Instructions for the task: Search the entries for the word "période". Copy every line that holds it.

Data in this exercise:

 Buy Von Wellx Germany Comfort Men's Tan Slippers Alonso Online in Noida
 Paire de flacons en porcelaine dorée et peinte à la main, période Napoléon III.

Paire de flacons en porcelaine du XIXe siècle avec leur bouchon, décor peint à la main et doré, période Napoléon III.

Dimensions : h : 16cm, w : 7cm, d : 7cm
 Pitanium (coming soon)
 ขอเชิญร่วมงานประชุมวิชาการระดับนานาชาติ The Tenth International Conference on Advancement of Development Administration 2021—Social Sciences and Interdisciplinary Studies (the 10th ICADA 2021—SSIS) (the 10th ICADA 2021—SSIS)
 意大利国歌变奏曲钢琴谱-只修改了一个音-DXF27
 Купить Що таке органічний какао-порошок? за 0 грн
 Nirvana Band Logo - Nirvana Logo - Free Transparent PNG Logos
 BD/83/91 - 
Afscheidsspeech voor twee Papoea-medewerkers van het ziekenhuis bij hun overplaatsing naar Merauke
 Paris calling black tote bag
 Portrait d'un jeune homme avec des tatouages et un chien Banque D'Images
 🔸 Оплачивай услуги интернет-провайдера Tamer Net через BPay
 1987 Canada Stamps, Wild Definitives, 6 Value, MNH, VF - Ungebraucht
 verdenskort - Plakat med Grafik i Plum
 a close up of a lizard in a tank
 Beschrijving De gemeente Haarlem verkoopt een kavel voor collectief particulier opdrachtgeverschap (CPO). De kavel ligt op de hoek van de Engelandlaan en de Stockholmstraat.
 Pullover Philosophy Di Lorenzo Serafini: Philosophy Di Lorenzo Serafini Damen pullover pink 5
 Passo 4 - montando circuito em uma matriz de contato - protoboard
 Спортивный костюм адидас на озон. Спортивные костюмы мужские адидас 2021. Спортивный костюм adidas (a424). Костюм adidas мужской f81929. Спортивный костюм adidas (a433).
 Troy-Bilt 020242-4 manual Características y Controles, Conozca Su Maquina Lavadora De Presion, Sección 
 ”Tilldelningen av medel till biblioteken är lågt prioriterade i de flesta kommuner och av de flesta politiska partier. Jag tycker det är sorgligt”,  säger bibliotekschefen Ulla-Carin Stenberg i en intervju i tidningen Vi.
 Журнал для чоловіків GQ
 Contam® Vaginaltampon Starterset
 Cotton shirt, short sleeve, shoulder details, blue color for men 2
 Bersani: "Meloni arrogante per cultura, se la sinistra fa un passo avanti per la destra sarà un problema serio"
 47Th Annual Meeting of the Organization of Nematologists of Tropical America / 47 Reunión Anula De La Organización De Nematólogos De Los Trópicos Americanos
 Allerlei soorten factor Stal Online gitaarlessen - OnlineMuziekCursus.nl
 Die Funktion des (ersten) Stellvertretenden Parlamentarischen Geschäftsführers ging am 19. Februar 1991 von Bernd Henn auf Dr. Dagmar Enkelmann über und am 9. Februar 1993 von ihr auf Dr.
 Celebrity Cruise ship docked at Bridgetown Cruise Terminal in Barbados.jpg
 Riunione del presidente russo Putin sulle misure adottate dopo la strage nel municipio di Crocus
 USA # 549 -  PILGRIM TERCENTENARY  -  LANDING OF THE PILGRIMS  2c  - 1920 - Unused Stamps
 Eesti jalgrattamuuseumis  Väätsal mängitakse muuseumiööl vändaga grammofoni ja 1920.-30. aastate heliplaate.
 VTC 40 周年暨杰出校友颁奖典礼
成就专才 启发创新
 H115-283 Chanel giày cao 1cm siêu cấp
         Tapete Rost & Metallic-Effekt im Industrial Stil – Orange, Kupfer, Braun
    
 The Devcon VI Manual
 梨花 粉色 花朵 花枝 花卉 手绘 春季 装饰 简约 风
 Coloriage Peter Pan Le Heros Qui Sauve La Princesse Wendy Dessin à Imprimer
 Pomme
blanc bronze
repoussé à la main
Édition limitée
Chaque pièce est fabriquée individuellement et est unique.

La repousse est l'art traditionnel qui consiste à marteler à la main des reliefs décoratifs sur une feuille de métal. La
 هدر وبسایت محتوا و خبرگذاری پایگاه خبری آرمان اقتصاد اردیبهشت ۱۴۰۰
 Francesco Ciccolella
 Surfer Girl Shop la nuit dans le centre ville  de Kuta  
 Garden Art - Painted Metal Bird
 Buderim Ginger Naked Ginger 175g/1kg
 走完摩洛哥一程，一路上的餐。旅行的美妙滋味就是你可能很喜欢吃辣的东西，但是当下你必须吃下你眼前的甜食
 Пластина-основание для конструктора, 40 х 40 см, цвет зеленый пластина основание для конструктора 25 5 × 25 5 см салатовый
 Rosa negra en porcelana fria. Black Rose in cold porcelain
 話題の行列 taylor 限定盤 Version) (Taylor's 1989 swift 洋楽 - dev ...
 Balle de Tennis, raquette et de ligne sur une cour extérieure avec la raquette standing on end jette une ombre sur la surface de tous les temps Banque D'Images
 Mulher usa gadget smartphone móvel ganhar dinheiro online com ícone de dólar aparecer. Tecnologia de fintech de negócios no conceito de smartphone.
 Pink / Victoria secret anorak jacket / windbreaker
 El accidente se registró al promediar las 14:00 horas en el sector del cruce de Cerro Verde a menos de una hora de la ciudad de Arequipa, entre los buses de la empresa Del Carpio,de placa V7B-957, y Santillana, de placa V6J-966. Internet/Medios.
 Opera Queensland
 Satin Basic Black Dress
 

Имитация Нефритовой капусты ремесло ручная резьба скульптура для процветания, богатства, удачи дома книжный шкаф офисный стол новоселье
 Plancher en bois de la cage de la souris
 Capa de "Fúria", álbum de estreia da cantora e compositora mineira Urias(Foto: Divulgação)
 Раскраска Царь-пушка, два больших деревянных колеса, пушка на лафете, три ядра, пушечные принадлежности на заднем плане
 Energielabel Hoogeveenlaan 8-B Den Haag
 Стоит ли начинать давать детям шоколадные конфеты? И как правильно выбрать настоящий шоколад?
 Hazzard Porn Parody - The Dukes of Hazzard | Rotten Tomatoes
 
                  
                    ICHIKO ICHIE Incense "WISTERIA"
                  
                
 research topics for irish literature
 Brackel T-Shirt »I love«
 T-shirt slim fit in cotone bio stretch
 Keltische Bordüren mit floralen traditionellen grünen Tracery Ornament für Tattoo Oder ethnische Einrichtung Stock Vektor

Finished exercise:
 Paire de flacons en porcelaine dorée et peinte à la main, période Napoléon III.
Paire de flacons en porcelaine du XIXe siècle avec leur bouchon, décor peint à la main et doré, période Napoléon III.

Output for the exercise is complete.